Write out, without any change, the lines in the material below that run from the line with "WooCrafts Large-Eye Blunt" through the line with "Download Λονδίνο - ποταμός", both included.

DATA FOR THIS TASK |

++++++++++++++++++++

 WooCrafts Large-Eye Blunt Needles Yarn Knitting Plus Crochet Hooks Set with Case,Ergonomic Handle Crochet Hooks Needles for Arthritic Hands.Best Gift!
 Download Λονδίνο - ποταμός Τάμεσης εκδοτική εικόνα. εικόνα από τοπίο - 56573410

++++++++++++++++++++

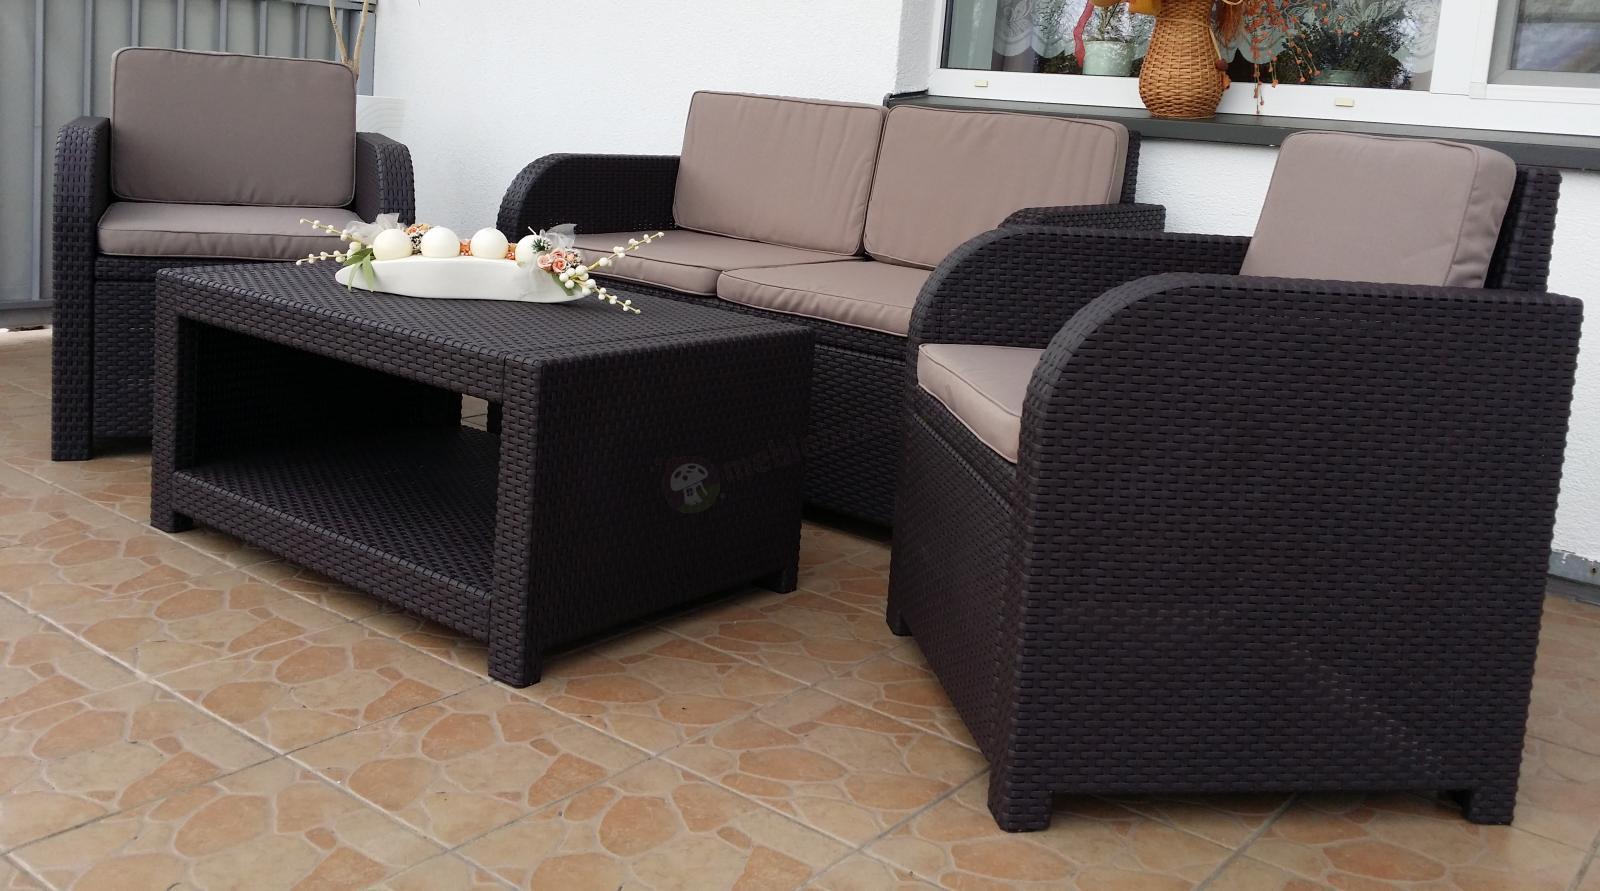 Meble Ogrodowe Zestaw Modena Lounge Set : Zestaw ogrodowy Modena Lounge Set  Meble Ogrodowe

++++++++++++++++++++

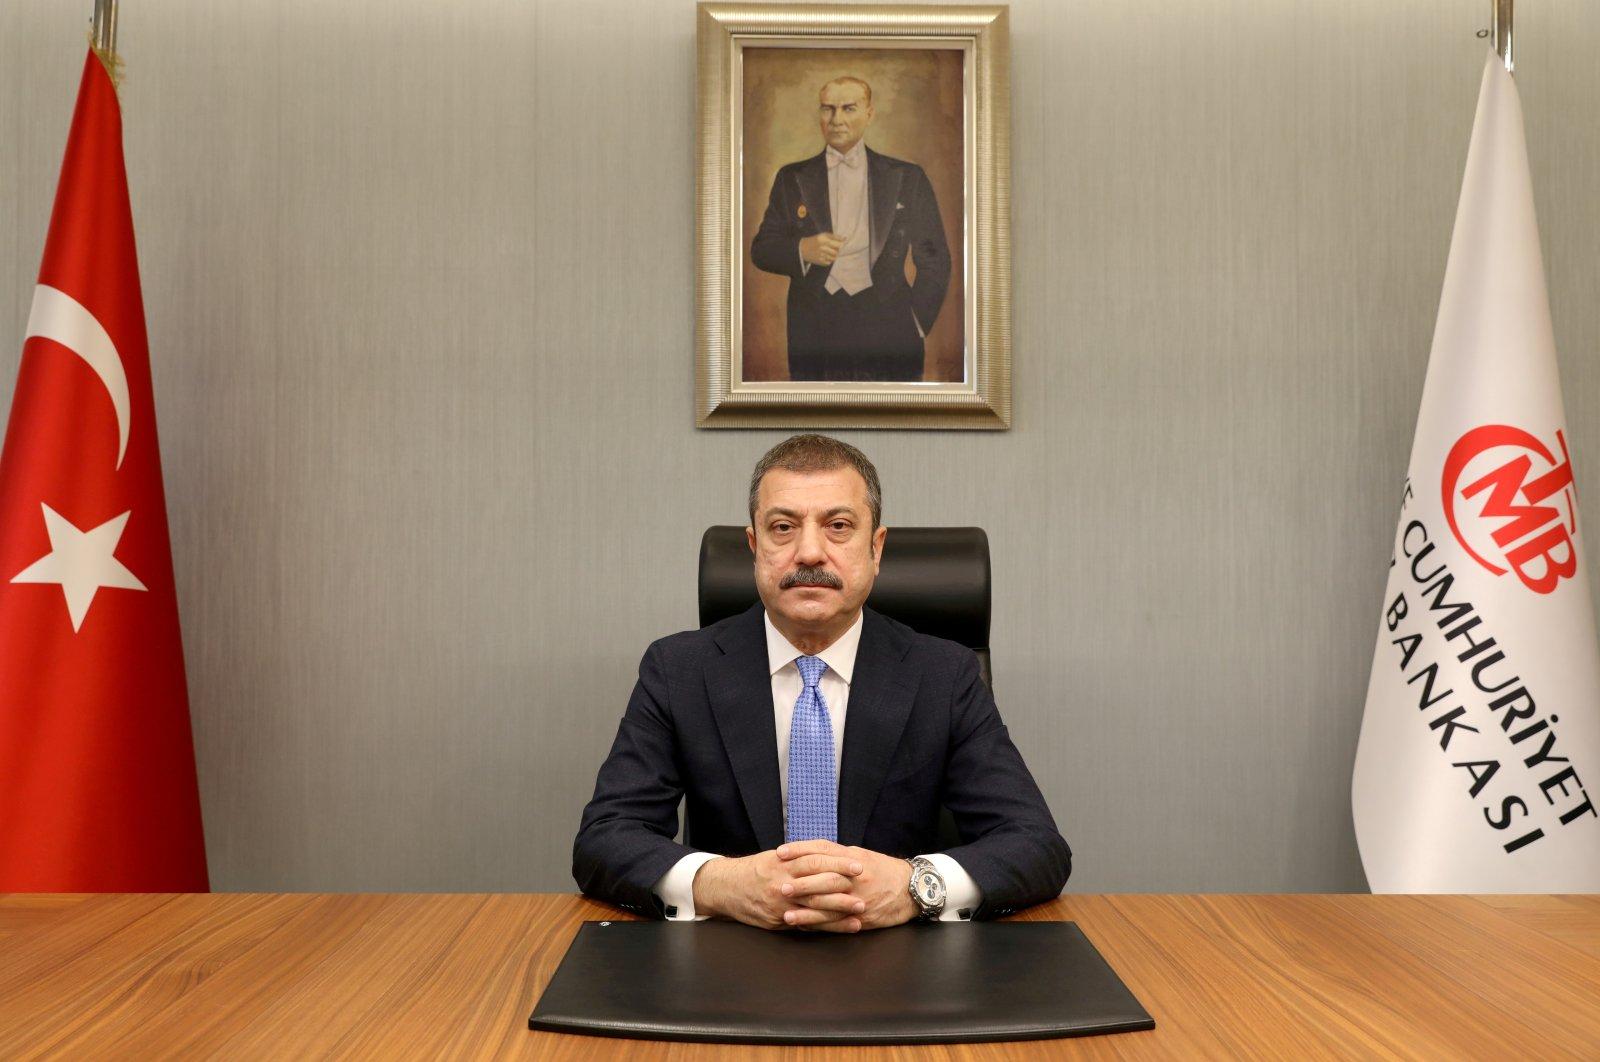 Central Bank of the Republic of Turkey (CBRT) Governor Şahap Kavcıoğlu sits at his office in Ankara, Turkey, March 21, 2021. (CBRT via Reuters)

++++++++++++++++++++

RESPONSE TO THE TASK |
 WooCrafts Large-Eye Blunt Needles Yarn Knitting Plus Crochet Hooks Set with Case,Ergonomic Handle Crochet Hooks Needles for Arthritic Hands.Best Gift!
 Download Λονδίνο - ποταμός Τάμεσης εκδοτική εικόνα. εικόνα από τοπίο - 56573410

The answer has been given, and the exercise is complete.